3.     Click OK. The DNS server appears in the DNS server list.

Description

Enter a description for the DNS server pool.

Status

Status of the transparent DNS proxy:

·     Available.

·     Unavailable. Please check the configuration.

Proxy port

Enter a proxy port number. If the destination port number of an incoming DNS request is the same as the proxy port number, the device performs the transparent DNS proxy on the DNS request.

Transparent DNS proxy

Enable or disable the transparent DNS proxy feature.

IPv6 proxy policies do not support this parameter.

Link protection

Enable or disable the link protection feature. This feature enables a transparent DNS proxy to select a DNS server based on the link bandwidth ratio. If the bandwidth ratio of a link is exceeded, the DNS server is not selected.

Session extension information synchronization

Enable or disable session extension information synchronization.

Sticky entry synchronization

Enable or disable sticky entry synchronization.

Sticky entry synchronization type

Select the sticky entry synchronization type:

·     Intra-group synchronization—Synchronizes sticky entries to the device in the same failover group.

·     Global synchronization—Synchronizes sticky entries to devices in all failover groups.

This function is available only when sticky entry synchronization is enabled.

Support for this function depends on the device model.

Class

Select an existing class or create a class. A created class can be viewed from Policies > Load Balancing > Link Load Balancing > DNS Proxy > Class.

Forwarding action

Select a forwarding action.

·     Load balance

·     Discard

·     Forward

·     Skip the transparent DNS proxy

ToS

Enter the ToS field value in IP packets sent to the DNS server.

DNS server pool

Select an existing DNS server pool or create a DNS server pool. The created class can be viewed from Policies > Load Balancing > Link Load Balancing > DNS Proxy > DNS Server Pool.

Sticky group

Select an existing sticky group or create a sticky group.

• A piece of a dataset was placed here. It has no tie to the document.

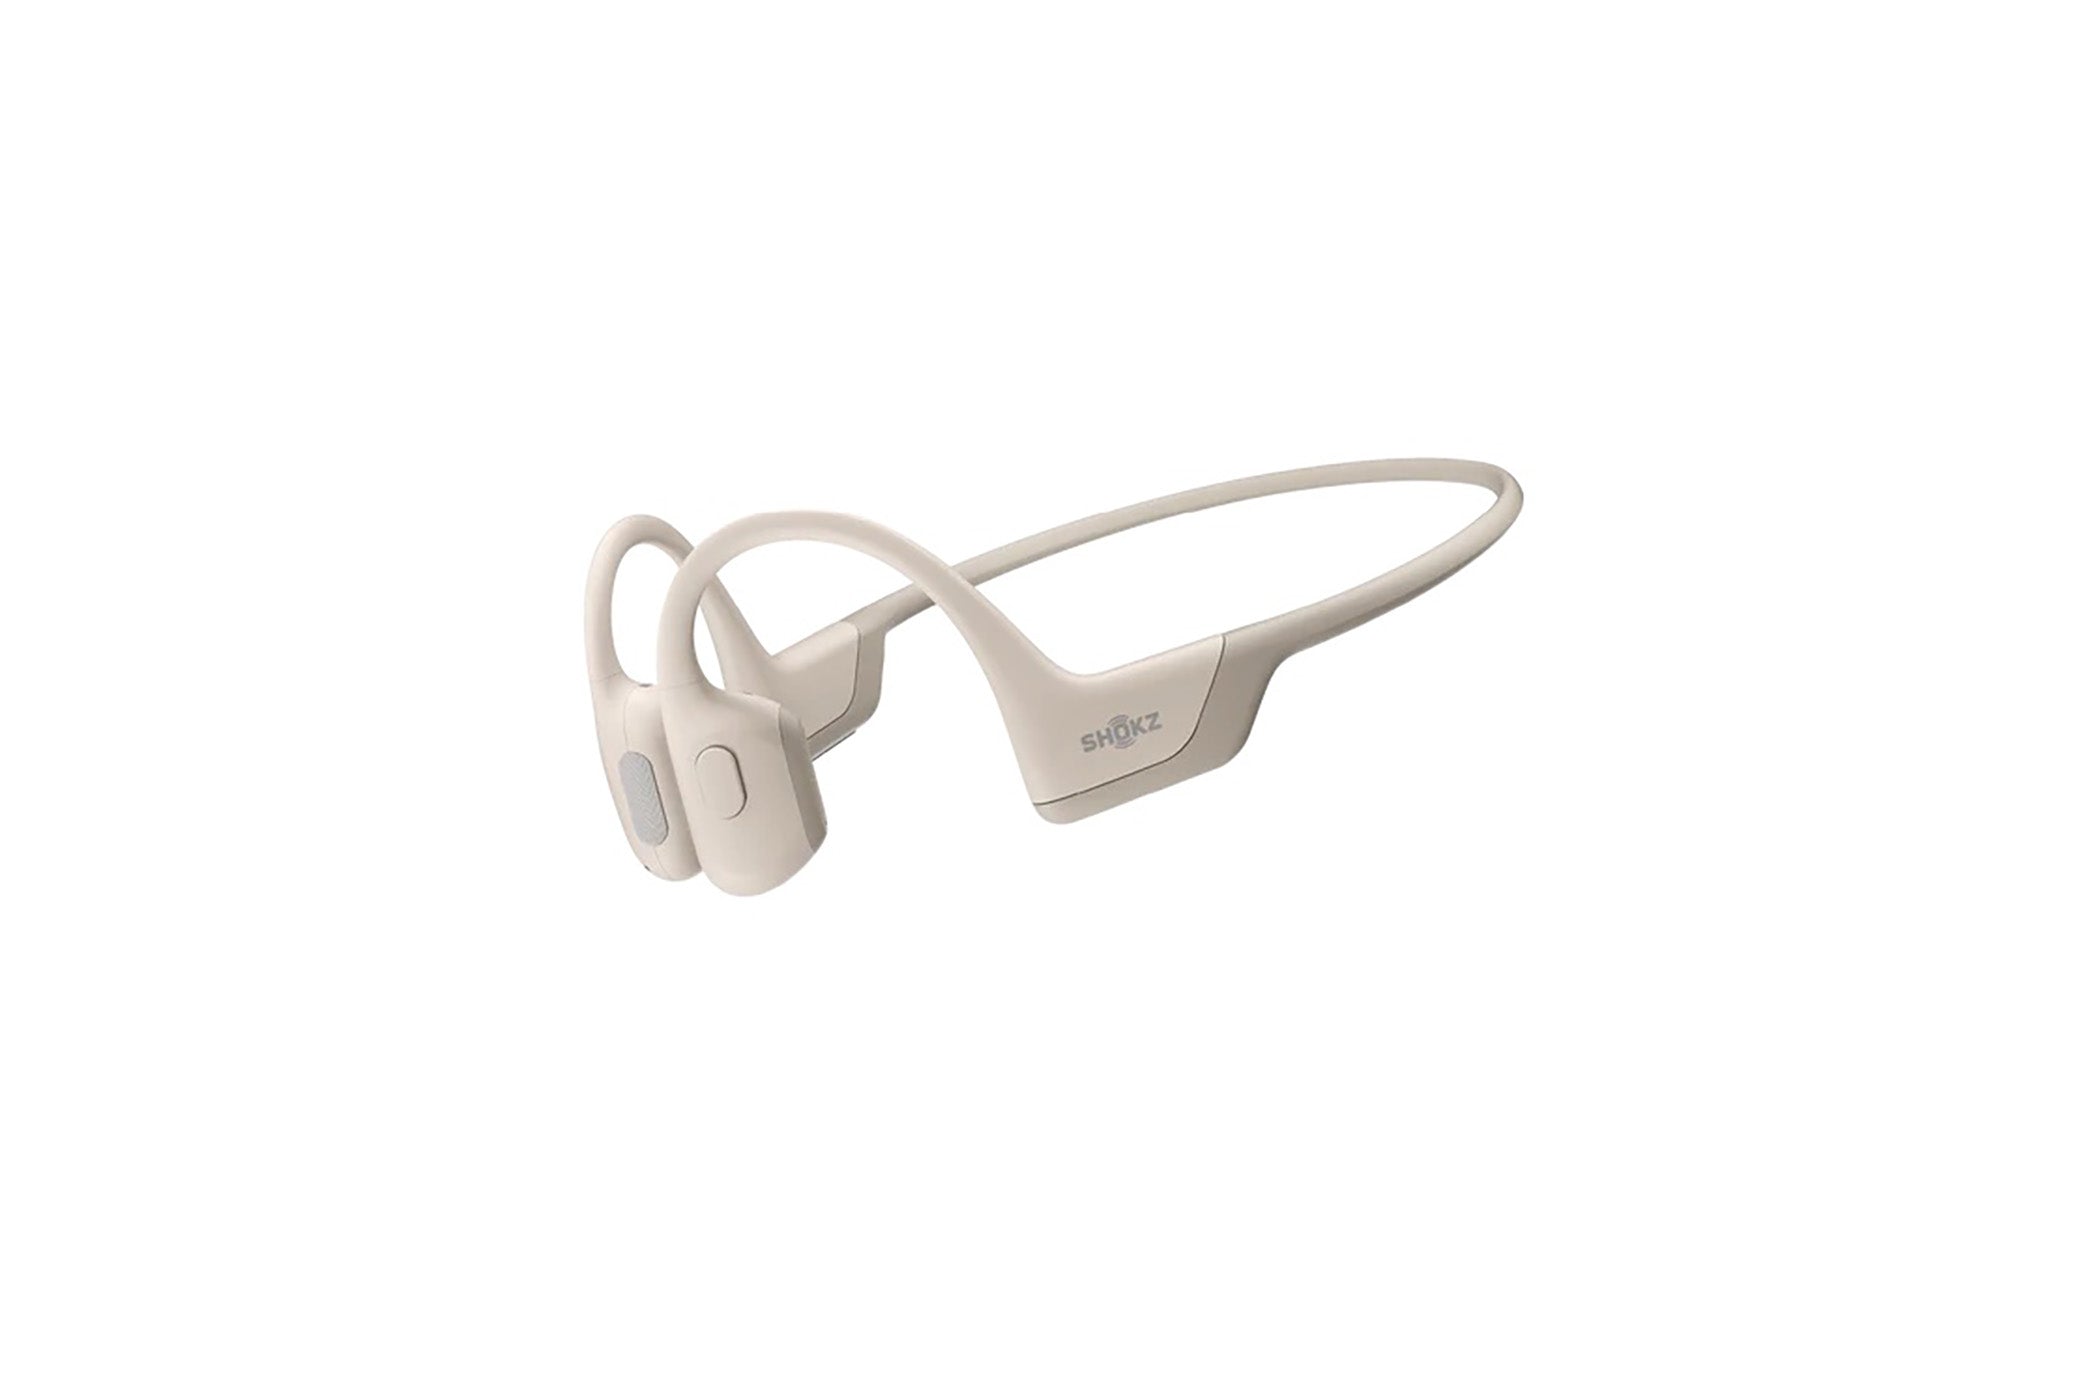 Save 50% on a pair of bone conduction headphones

The created sticky group can be viewed from Policies > Load Balancing > Common Configuration > Sticky Groups.

Only address-port sticky groups are supported.

Fallback action

Specify that the next rule is matched when a failure to find a DNS server occurs.

Busy action

Specify that the next rule is matched when all DNS servers are busy.

Insert before

Specify an existing proxy policy before which the new policy is inserted.